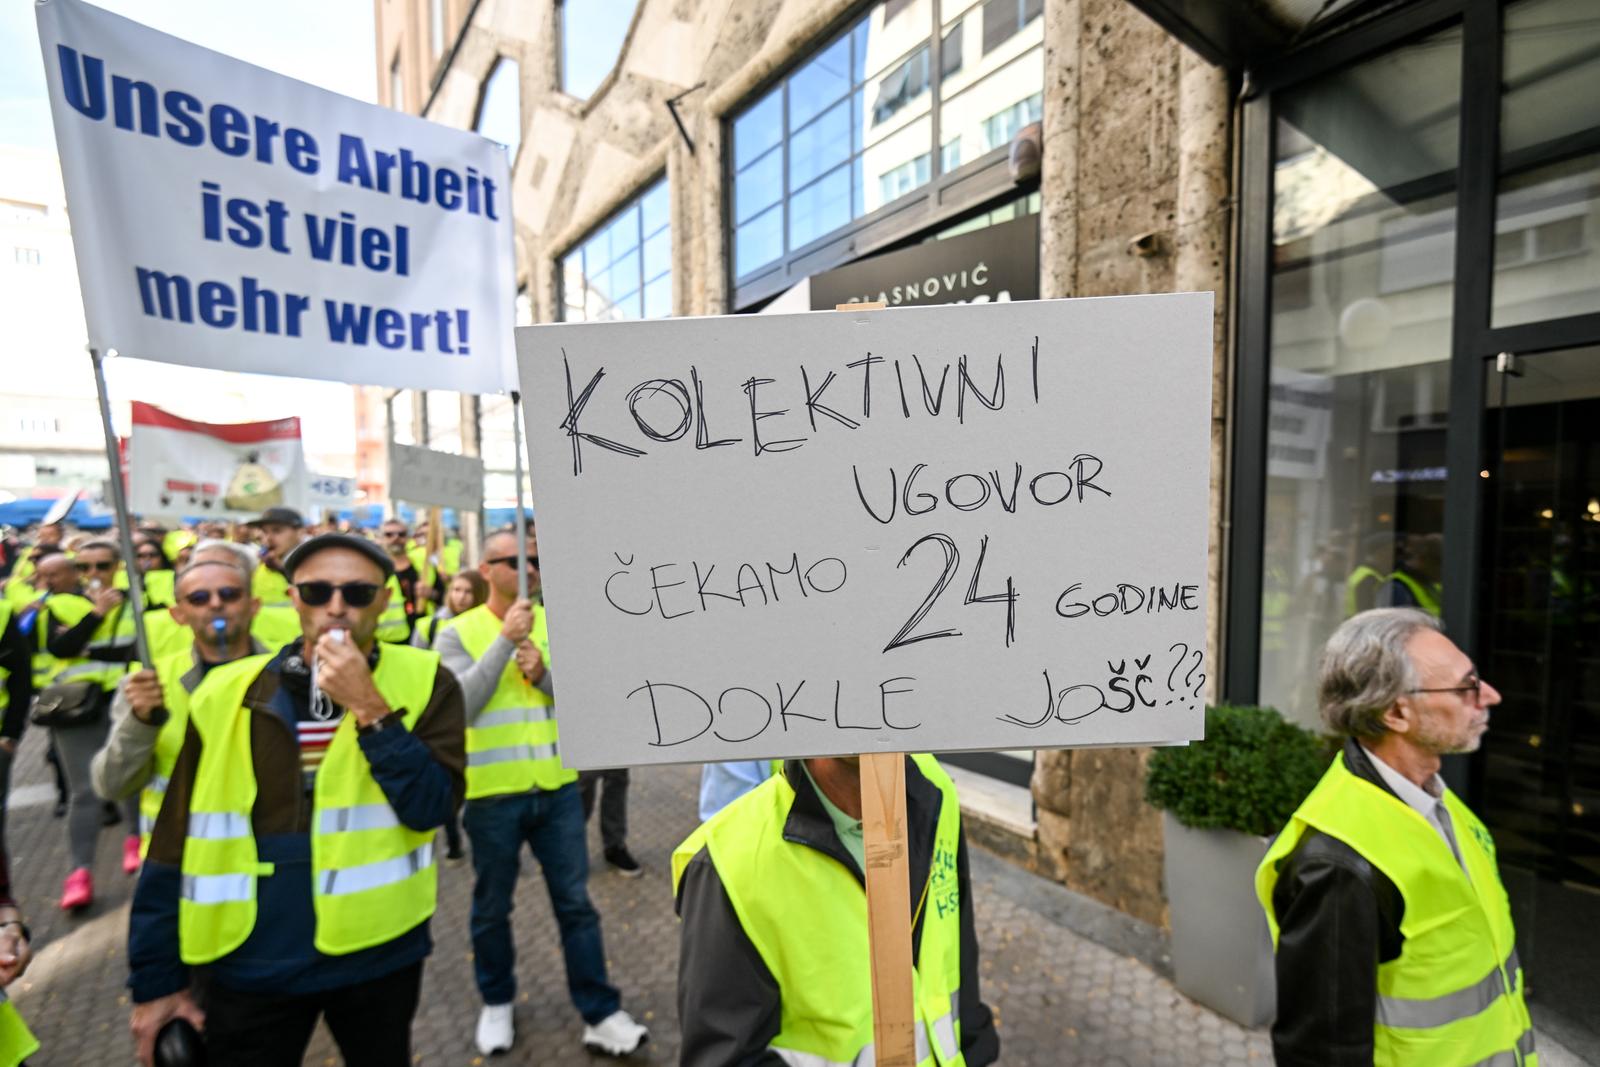 07.10.2023., Zagreb - Radnici A1 zbog malih placa i kolektivnog ugovora prosvjedovali su na Svjetski dan dostojanstvenog rada, a zahtjevaju povecanje svojih materijalnih prava te potpisivanje kolektivnog ugovora s poslodavcem s kojim pregovaraju vec godinu dana. Sindikati isticu da je minimalna neto placa zaposlenika 590 eura i u tom platnom razredu radi oko 400 radnika dok je potrosacka kosarica za jedan mjesec iznosi 950 eura. 

Okupljanje je pocelo na Zrinjevcu od kuda su se okupljeni uputili prema jednom prodajnom mjestu A1.

 Photo: Marko Lukunic/PIXSELL

------------------------

What this task involves.
Your answer should consist of the lines from the line with "Okupljanje je pocelo" through the last line of the data, set down exactly, both included.

Output for this exercise.
Okupljanje je pocelo na Zrinjevcu od kuda su se okupljeni uputili prema jednom prodajnom mjestu A1.

 Photo: Marko Lukunic/PIXSELL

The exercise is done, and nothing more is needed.